County board denies sheriff’s request to hire deputy to work in Steamboat schools
Editor’s note: This article has been updated to clarify that Sheriff Garrett Wiggins did not directly mention protests over police violence or the murder of George Floyd. Wiggins said he felt the school resource deputy could help with “this misunderstanding between the law enforcement profession and society, like we are seeing in this day and time.”
The Routt County Board of Commissioners on Tuesday denied Sheriff Garrett Wiggins’ request to hire another deputy that would serve as a school resource officer in two schools in the Steamboat Springs School District.
Currently, the Steamboat Springs Police Department provides one officer that works in all schools in the district within city limits and is based out of Steamboat Springs High School where they spend most of their time, according to Police Chief Cory Christensen.
Strawberry Park Elementary, Steamboat Springs Middle and Sleeping Giant schools are all outside Steamboat’s city limits and under the jurisdiction of the sheriff’s office, not Steamboat police.

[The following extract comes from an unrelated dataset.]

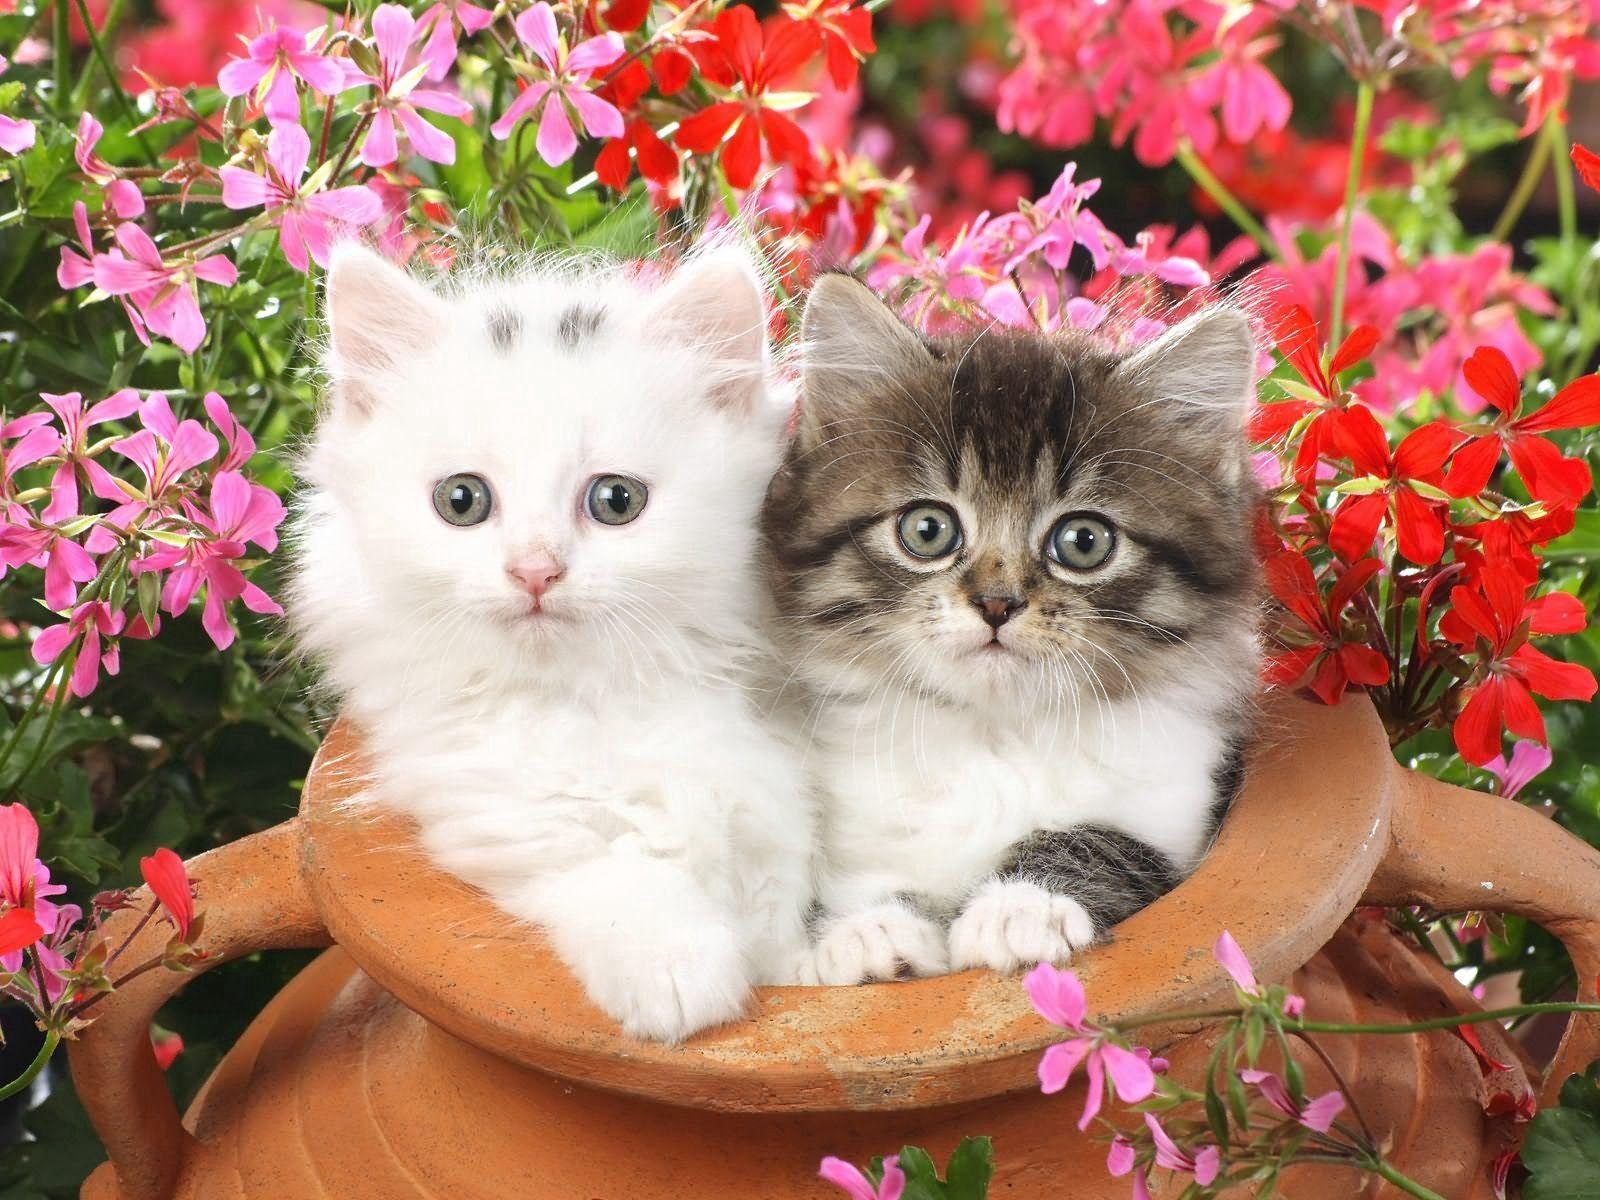 86238 завантажити шпалери Квіти, Тварини, Пара, Горщик, Кошенята, Кошенят - заставки і картинки безкоштовно

The jurisdictional issue was the crux of Wiggins’ argument for hiring the officer.
“In my opinion, if the Routt County Sheriff’s Office is required to investigate these criminal incidents in schools, then the responsibility to engage and prevent school violence also rests on our shoulders,” Wiggins said in a meeting Tuesday, reading from a prepared statement.
The district is looking to expand to have two school resource officers, with the second primarily focusing on Sleeping Giant and the middle school.

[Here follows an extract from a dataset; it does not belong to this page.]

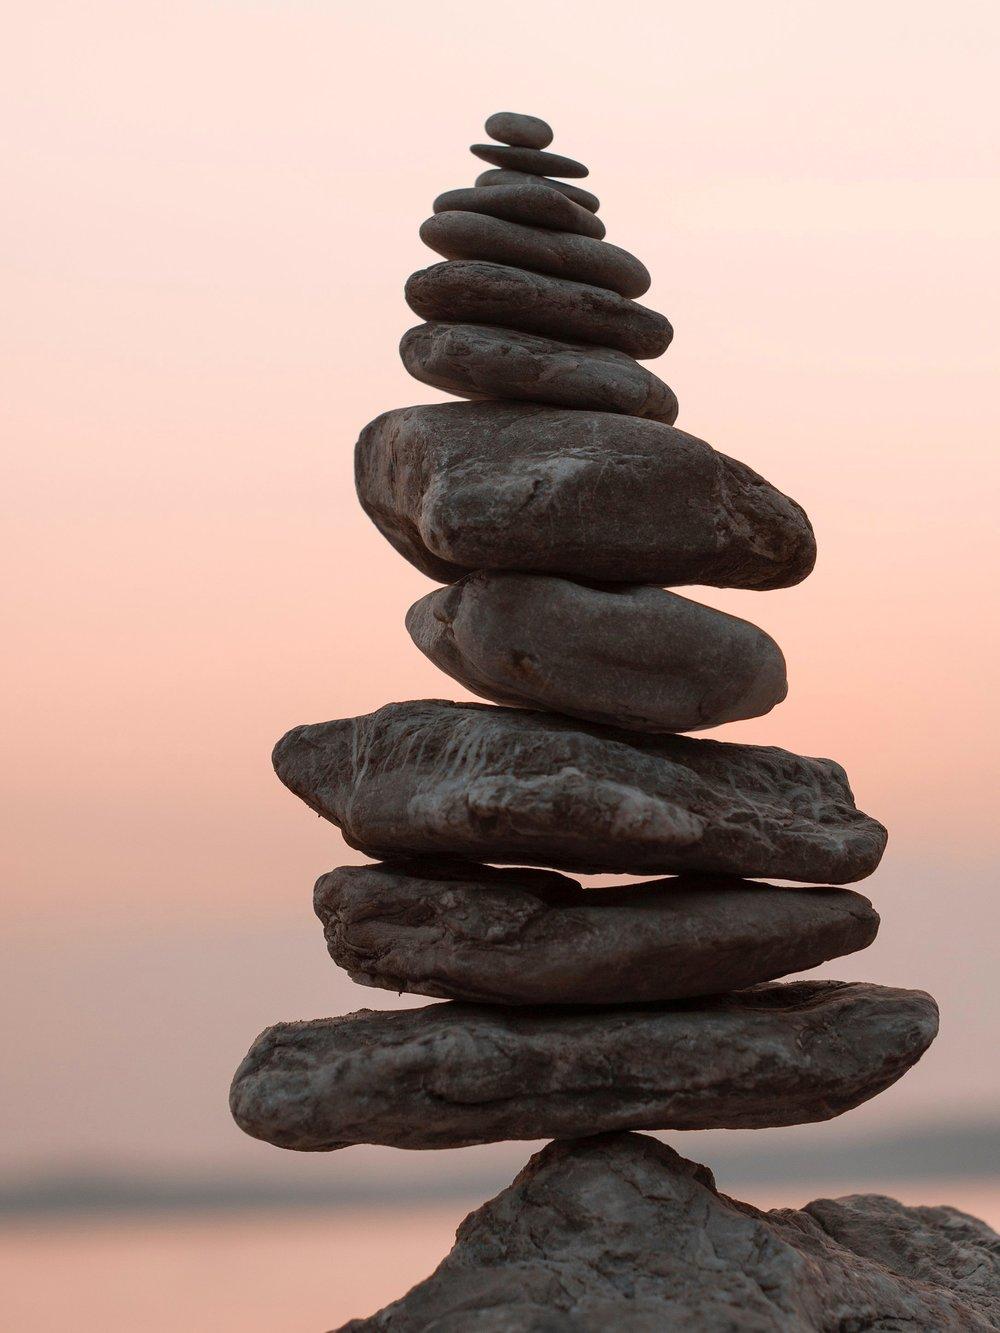 cairn_stones.jpg

Ultimately, commissioners decided it was not appropriate for the county to pay for this service for the Steamboat Springs School District, which has its own taxing authority. Commissioner Tim Redmond said since the county does not pay for a similar service for the county’s other two school districts, it should not provide such for the county’s “most financially stable school district.”

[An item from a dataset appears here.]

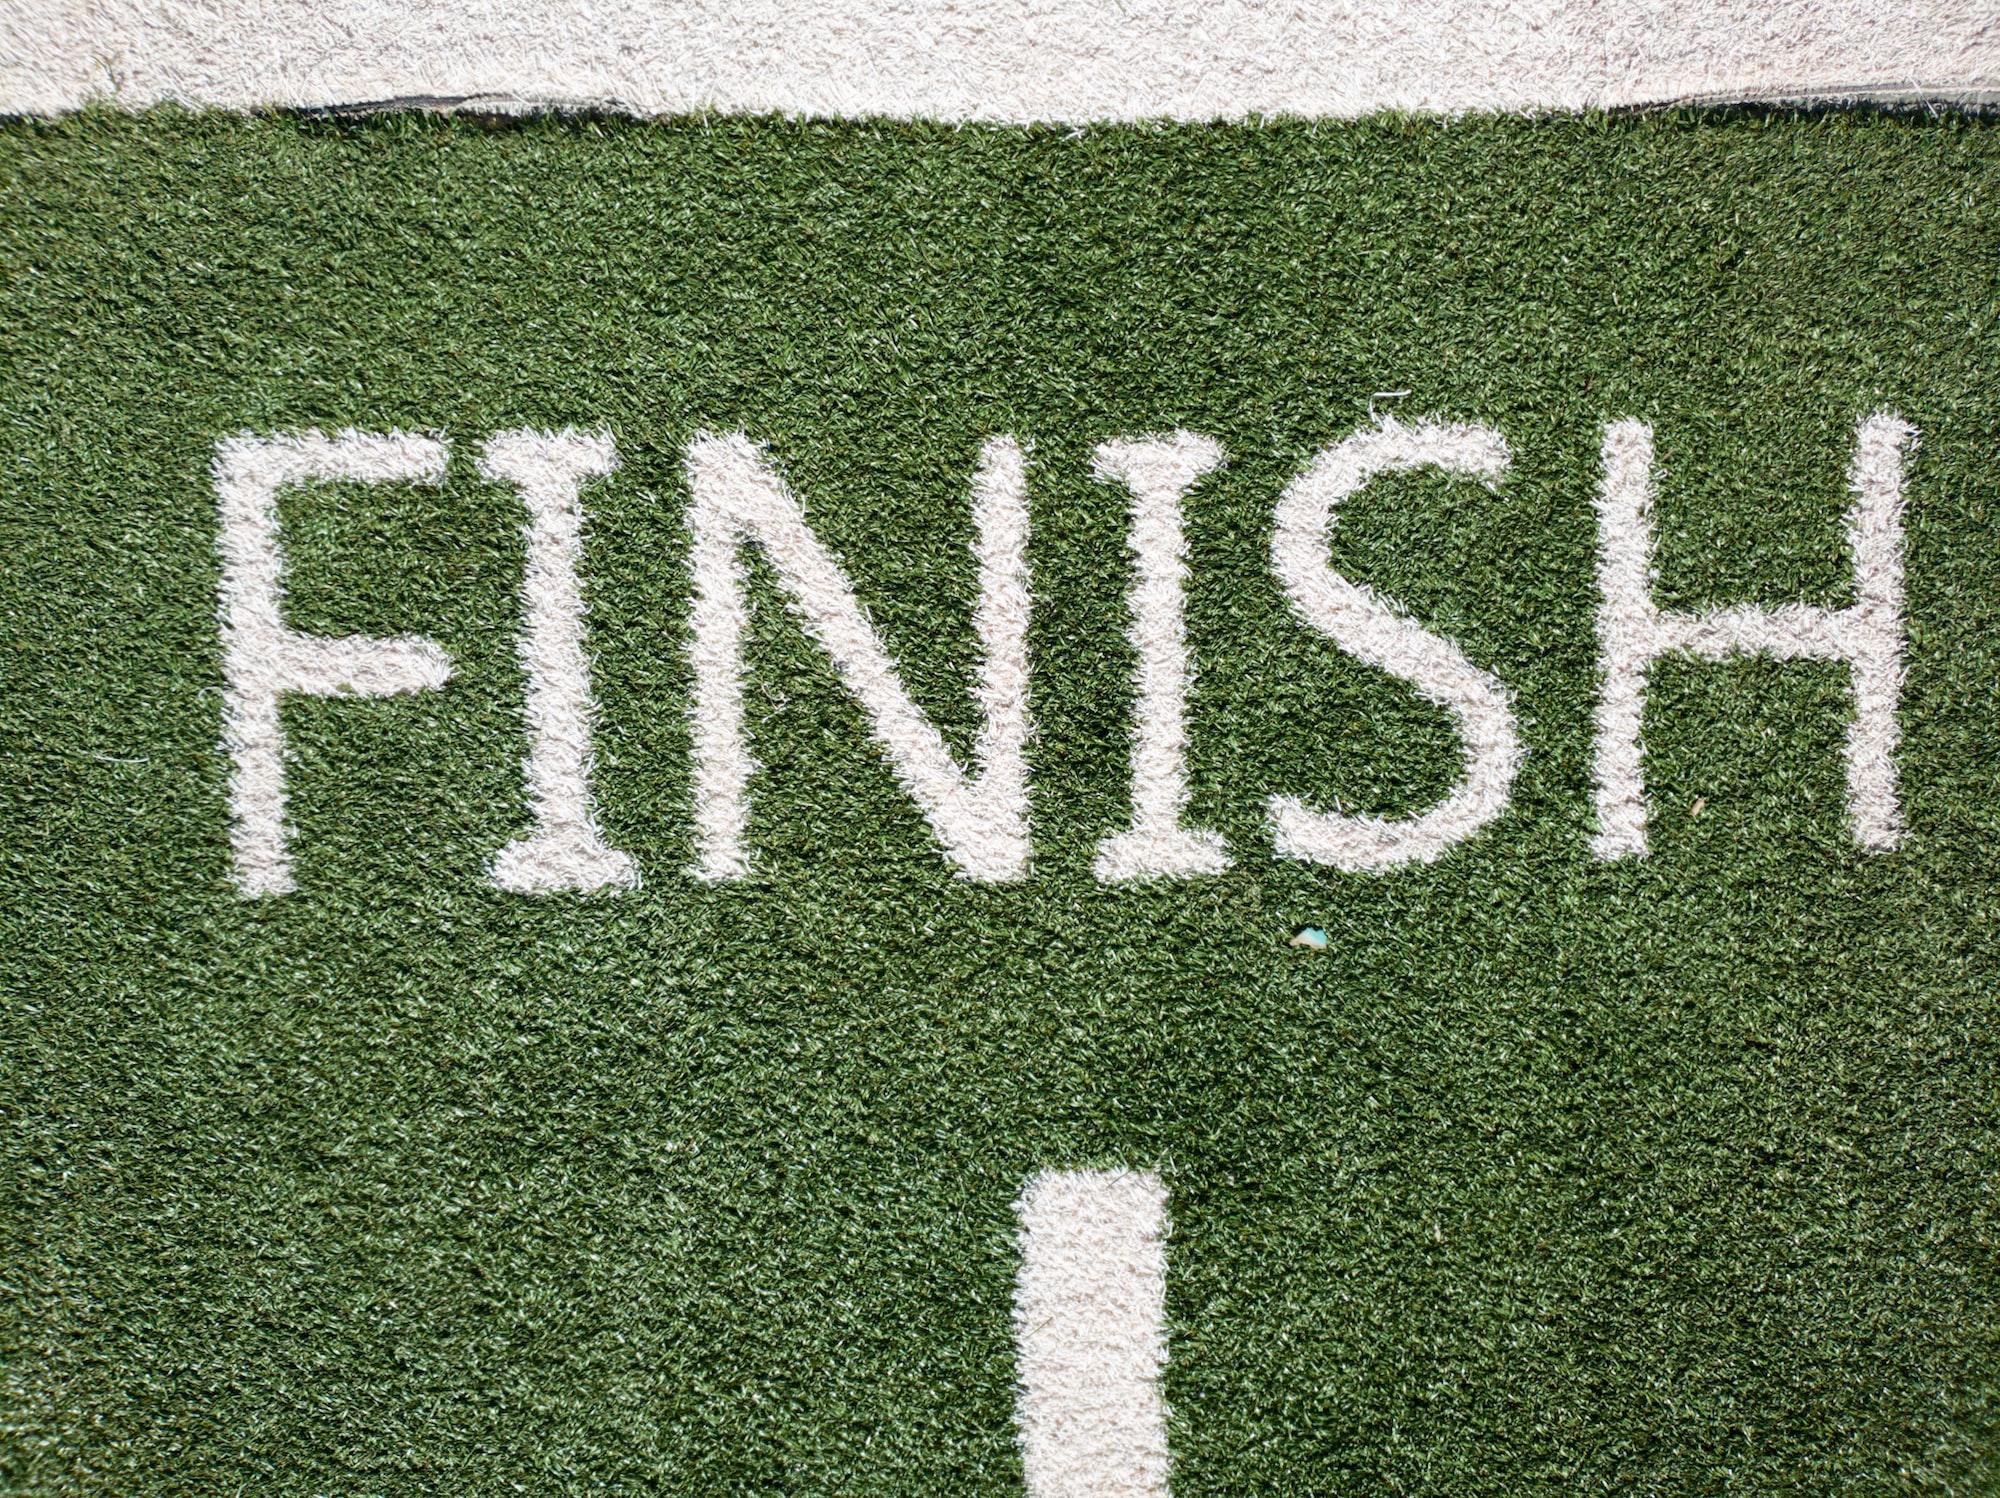 The word Finish in green turf

“I am looking at a situation where we are not meeting the needs of the entire county,” Redmond said.
“If this service is that important to the school districts, they should find a way to pay for it,” Commissioner Tim Corrigan added.
The county’s ability to pay for the deputy is not the issue. Corrigan said it was also his belief that the county should not pay for it and adding full-time staff outside the normal budget process is not a good idea.
Oak Creek Police Department officers visit schools in the South Routt School District when possible, but there is no stationed officer in any building. District Superintendent Rim Watson said the district made a one-time $11,000 contribution in the previous budget cycle to support these efforts.
There is no stationed officer at schools in Hayden either, but Hayden Police Chief Greg Tuliszewski said he has several officers trained as resource officers. He said there is not currently space in the department’s budget for a dedicated resource officer and efforts to fund one with grants have been unsuccessful.
“I am not necessarily going to say I am opposed to funding school resource officers,” Redmond said. “I want it to be fair across the board, especially for those other two school districts that are looking at some serious financial hardships with closing of coal mines and power plants.”
After Redmond and Corrigan articulated their opposition to funding another deputy, Wiggins offered another justification for the job.
“Considering the continued issue that we have with school shootings across this nation and violence in our schools, this is not only important to me personally, it is important to me professionally,” Wiggins said. “In my mind you cannot put a price on our kids’ heads.”
A study of 133 school shootings since 1980 by researchers at Hamline University in Minnesota found that having an armed presence in a school, like a resource officer, did not reduce rates of injury. Conversely, the study, published in February, found that the rate of death was significantly higher in schools with armed personnel — 2.8 times more — than those without.
Christensen, chief of police in Steamboat, said in an email that his current school resource officer does provide some deterrence against violence in schools, as police do elsewhere in society, but that the job is about more than just school safety.
“The mission of the (school resource officer) goes well beyond the school shooting example,” Christensen said. “Our program is designed for the (school resource officer) to be a part of a positive learning environment and in partnership with the leadership and staff at the school.”
Wiggins also said the resource officer would be about more than just security, but about meeting the office’s goals when it comes to community policing. He said programs like this could help clear up the misunderstanding between police and society. Sparked by the police murder last year of George Floyd in Minneapolis, the country has seen historic protests against police violence that disproportionately impacts people of color.
“I think it is best if we start young with kids while they are in schools to build those relationships so there is not all this misunderstanding between the law enforcement profession and society, like we are seeing in this day and time,” Wiggins said.
In his proposal, Wiggins said the alternative would be for him to give a Steamboat officer authority to operate in schools in the county. Christensen said he currently has one officer that works in schools and he would need approval from the Steamboat Springs City Council before he could hire another.